(Toledo News Now) - Hi-Tech Automotive owner Tom Barrows purposely left a car's headlights on to run down the battery for our test. It's been dead about three hours now, with just enough juice for the door to still ding.
We should be able to simply plug the Jump Up jump starter into the car's accessory power, or the lighter plug in this case,, then wait 20 minutes and start the car.
That doesn't happen. Tom pokes around, making sure all the connections are good. We still get nothing, even though the green light indicates we should be good to go, and we've followed all the directions.
"If you're going to spend $20, you want it to work."
Tom questions whether the little 30-volt starter was charged well enough from the factory and decides to help it out a bit. He charges the car's battery the way he normally would here in his shop. He's going to give it just a little power. We want to see if the Jump Up jump starter can start anything at all.
"If the car does not start, charge another ten minutes."
So, we do...
Keep in mind, we could've already used jumper cables or even called for help by now, if we were really stranded on the road. After another round of charging, as instructed, we turn the key. The car tries to start but ends up using up all the power in the Jump Start. It does not have enough power to start this car engine. We're making progress with each round of charging the Jump Up, but this is becoming a hassle.

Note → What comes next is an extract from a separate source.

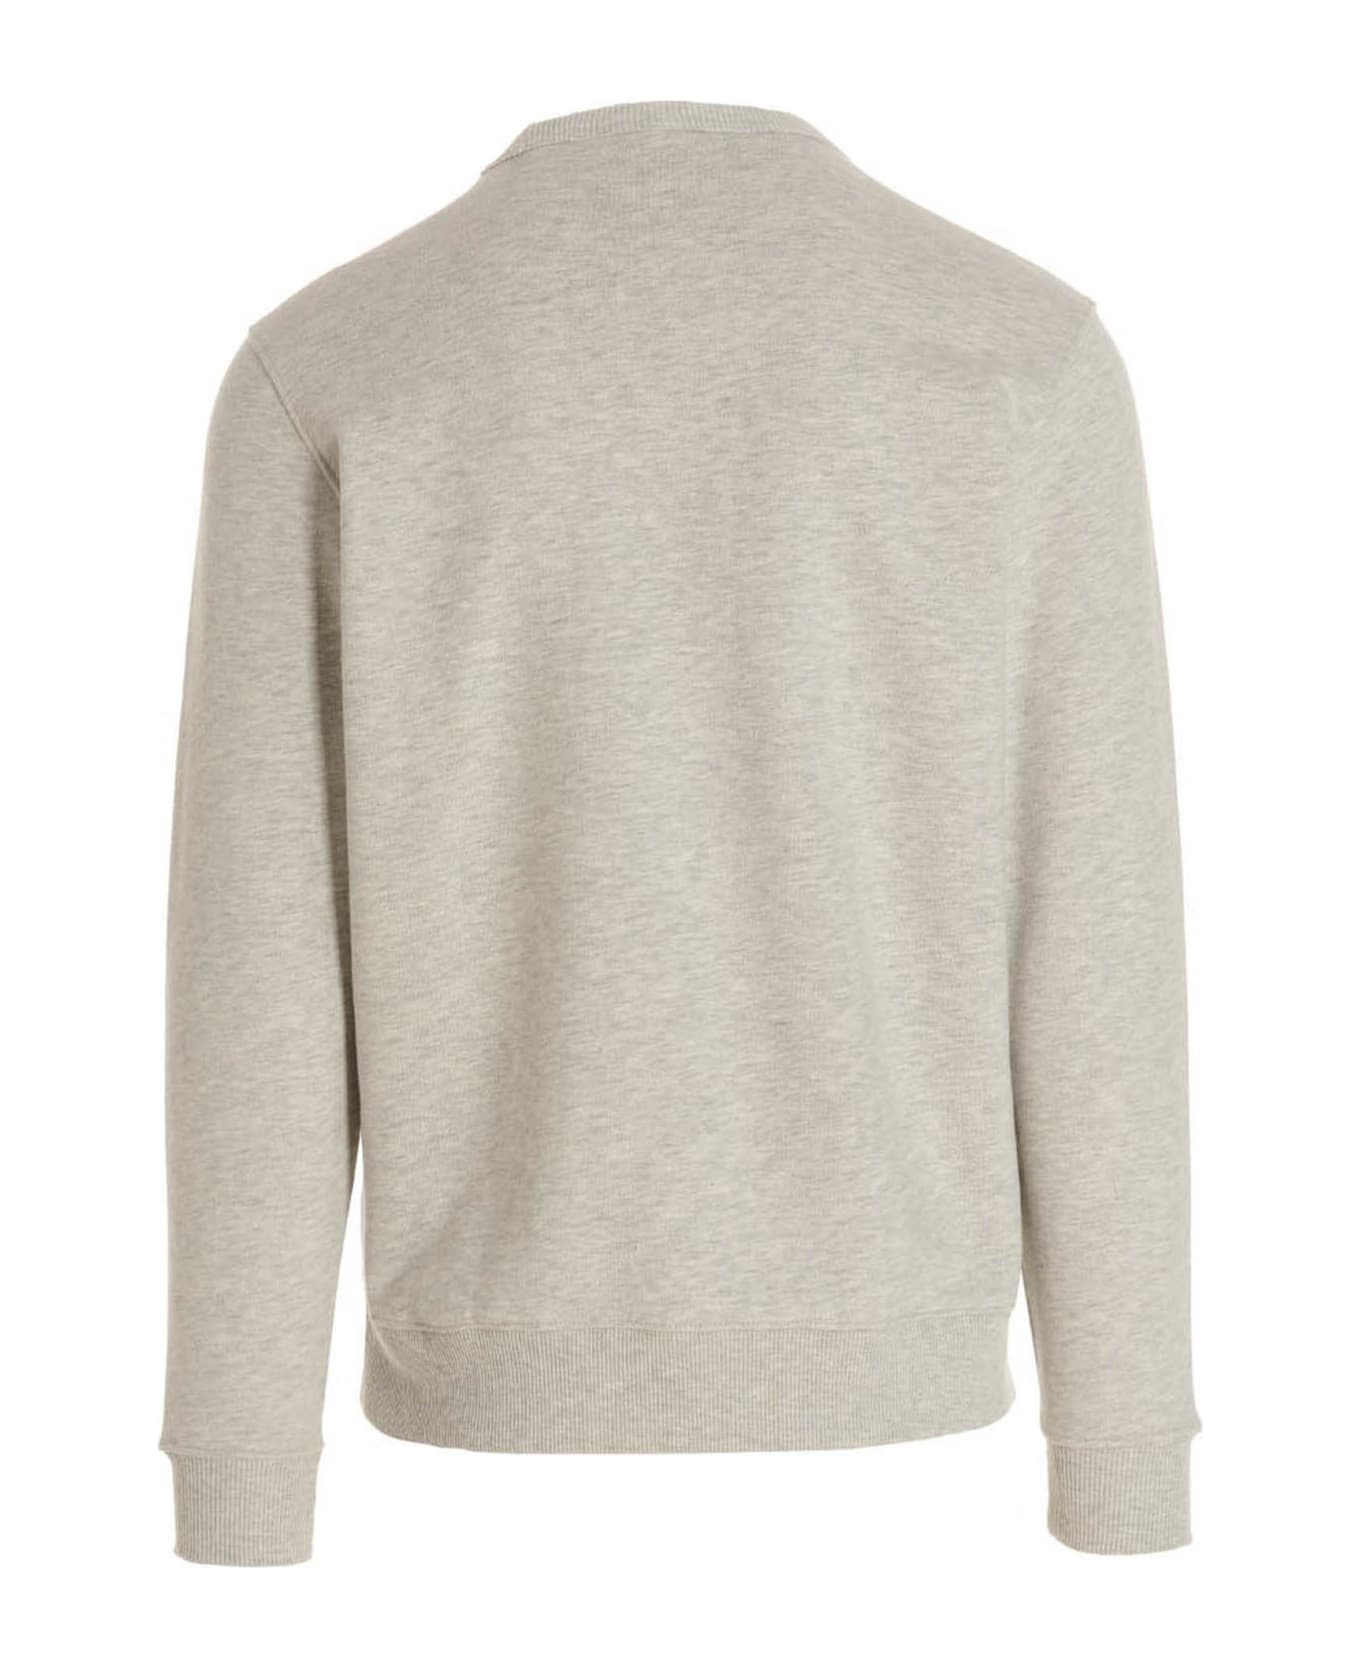 Dickies 'aitkin' Sweatshirt - Gray

Remember, this battery wasn't even fully dead when we started, and we gave it extra power with Tom's 1500-power pack.
"I think we know our answer."
The 30-volt jump up may work if your battery's new and without power for say an hour, but we don't think it's enough to rely on. While its size may be handy, you'd also have to keep it charged from time to time.
"Give it an 'F'. Not even a D! Save your money."
Keep the jumper cables on-hand. The Jump Up jump starter doesn't pack the punch to pass. It fails this Does it Work test.